I'd like to:
(a) sort the 2D class images (in Results > 2D Classify, after selecting the refinement package and classification round) by particle occupancy (% of particles going into each class)
(b) recover that particle occupancy information for all the classes.
So far I've tried snooping around the GUI (I understand cisTEM is pretty new and might not have these features yet), looking in the metadata of the .mrcs in Assets/ClassAverages, and looking at what kinds of info are stored in class average-related tables in the SQL database but I haven't come across particle occupancy data yet.
Many thanks for this powerful and pleasant program!
Hi,
The 2D classification in cisTEM is integrated over angles, shifts and class. The individual likelihoods for all the different angles/shifts/classes are not stored (as it would be a lot of information). The class with the best occupancy is stored, but the actual occupancies are not stored on disk, they are only held in memory.
If you would like to know the best class for each particle you can get that information from the database. First you need to know the classification_id for the classification you are interested in. Running :-
sqlite3 name_of_your_database.db "select * from classification_list
will list all the classifications. Find the one you want and read off the classification id (it will be the first number in the column).
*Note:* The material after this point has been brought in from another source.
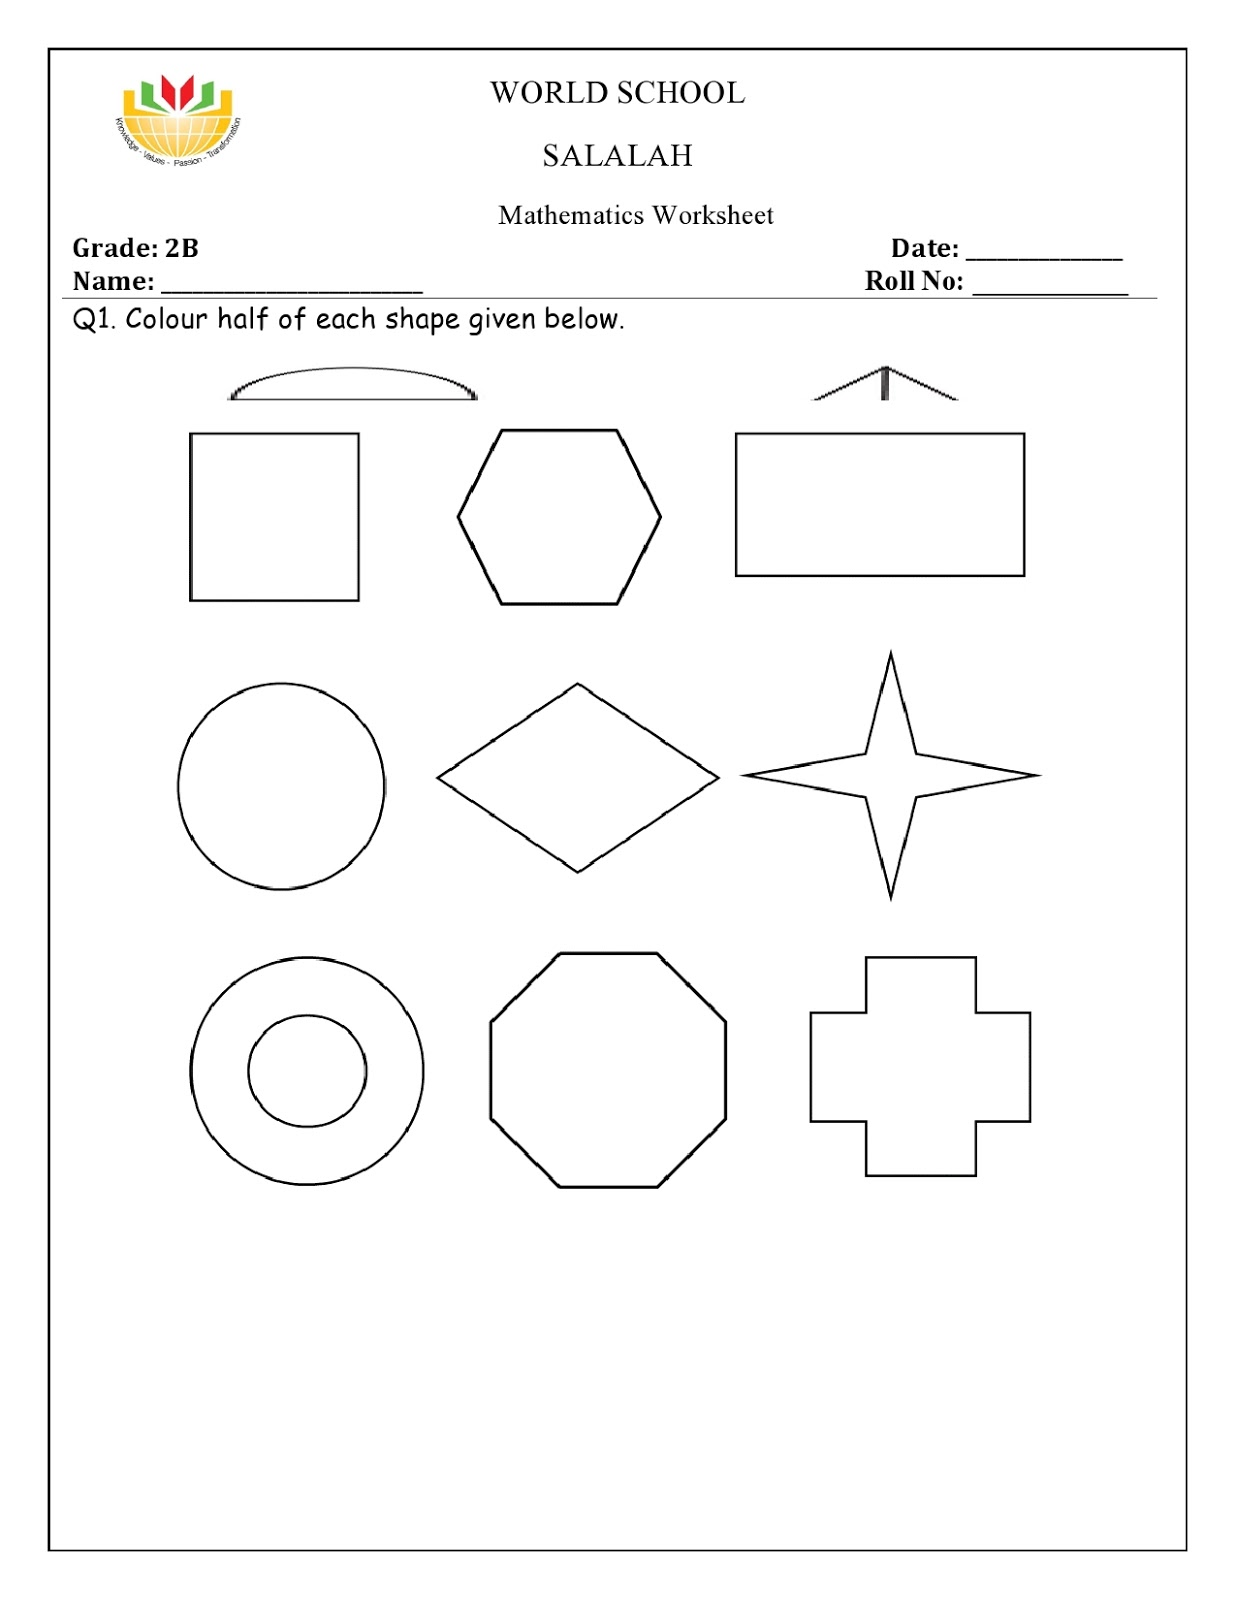 Birla World School Oman Homework For Grade 2 As On 04 01

You can then get the best class for each particle with the following command :-
sqlite3 name_of_your_database.db "select best_class from classification_result_$your_class_id;"
I hope this is of some use, although I realise it is not the full occupancy info.
Cheers,
Tim
Thanks Tim, that makes sense, looks like I can basically count up the number of times a class is chosen as the best one for the particle and that's another way of looking at which are the most occupied classes. In case it's of any use to anyone, here's what I've done:
To get the looong list of class identities into a file:
sqlite3 name_of_your_database.db "select best_class from classification_result_21;" > best_class_for_each_particle.txt
Then a bash loop to count how many times each class identifier (number from 0 to 80) appears in that list:
for i in `seq 0 80`; do grep -o $i best_class_for_each_particle.txt | wc -l; done
Now this output can be used in a histogram or compared with the images of each class. The class numbers seem to go from 1-80 so I'm guessing 0 where some unclassifiable particles wound up?
Although, I'm a bit puzzled, the counts add up to more than the number of particles in the list. I'll update this if I figure out why...
The problem is, is that when you grep 1 you will also include all those in class 11, 12, 13 etc, and you have similar problems with other numbers. I believe you can fix this by adding the -w flag which matches whole words only, so you would run :-
for i in `seq 0 80`; do grep -ow $i best_class_for_each_particle.txt | wc -l; done
Also, class 0 is used for those images not included in the classification, this can be because less than 100% of particles were used, or if you have exclude blank edges set to yes, those excluded will come out as best class 0.
Thanks!
Tim
Thanks so much for posting this!
I'm sure other people will find this useful.
Cheers,
Tim